Uncle Boonmee Who Can Recall His Past Lives involves Uncle Boonmee (Thanapat Saisaymar), who is dying of kidney failure. The most basic plot synopses I've seen simply explain that he experiences some of his past lives, but I'm afraid that description is a bit too pedestrian for what actually occurs in the movie.

Boonmee has decided to live out the rest of his days in comfort on his farm. He has a young male helper, Tong (Sakda Kaewbuadee), and his sister-in-law, Jen (Jenjira Pongpas), also lends a hand. These three are enjoying dinner together when the ghost of Boonmee's dead wife suddenly materializes. Then his son Boonsong appears, having turned into a "monkey ghost," a creature with glowing eyes and totally covered with hair. Boonsong explains that, since Boonmee is dying, all the spirits are restless and are gathering around...

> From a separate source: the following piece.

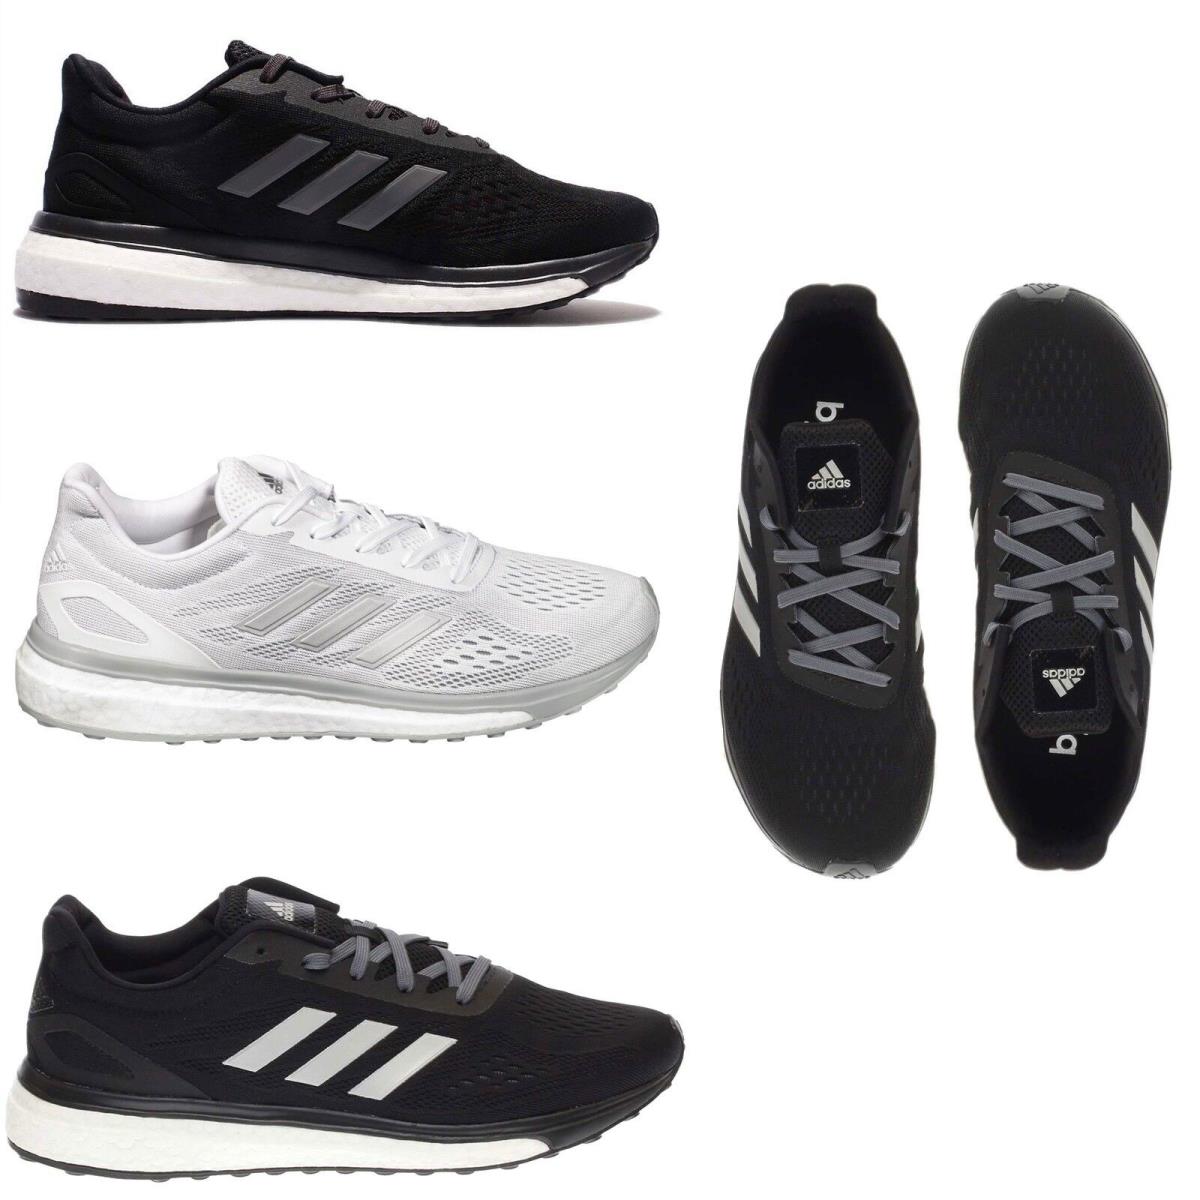 Adidas Women Athletic Shoes Response LT W Running Shoes Black - Black

The film plays out, more or less, in segments. In one, Boonmee and Jen have a fairly normal conversation about life and love, and in another, we witness a sequence about some kind of princess who has an affair with one of her handmen. She sees her reflection in the water, which is more beautiful than she is, and her lover rejects her. But a magical fish makes his affections known, so the princess strips off her clothes, goes in the water, and... makes love with the fish.

Another sequence shows how Boonsong tried to study the monkey ghosts and became one of them, and an even more mysterious one shows a runaway water buffalo. Is the buffalo one of Boonmee's past lives? If so, what significance does it have? I'm not so sure that Weerasethakul even wants his viewers to ask these questions; I think he would rather we simply experience these images as dreams, or feelings. Of course, the entire movie takes place on the precipice of life and death, so it makes sense that some scenes are lucid and realistic, and others lapse into past lives or dreams or illusions or hallucinations without any kind of warning or transition.

Weerasethakul's previous four films (Mysterious Object at Noon, Blissfully Yours, Tropical Malady, Syndromes and a Century) have all been about the transitory nature of storytelling, how a tale can be picked up or left off by anyone, anywhere, and how it changes depending on its narrator. (Along the way, some of his characters change into animals as well.) Uncle Boonmee is arguably his most beautiful, complex and most fully realized work to date, and he shows infinite promise for more crazy masterpieces to come.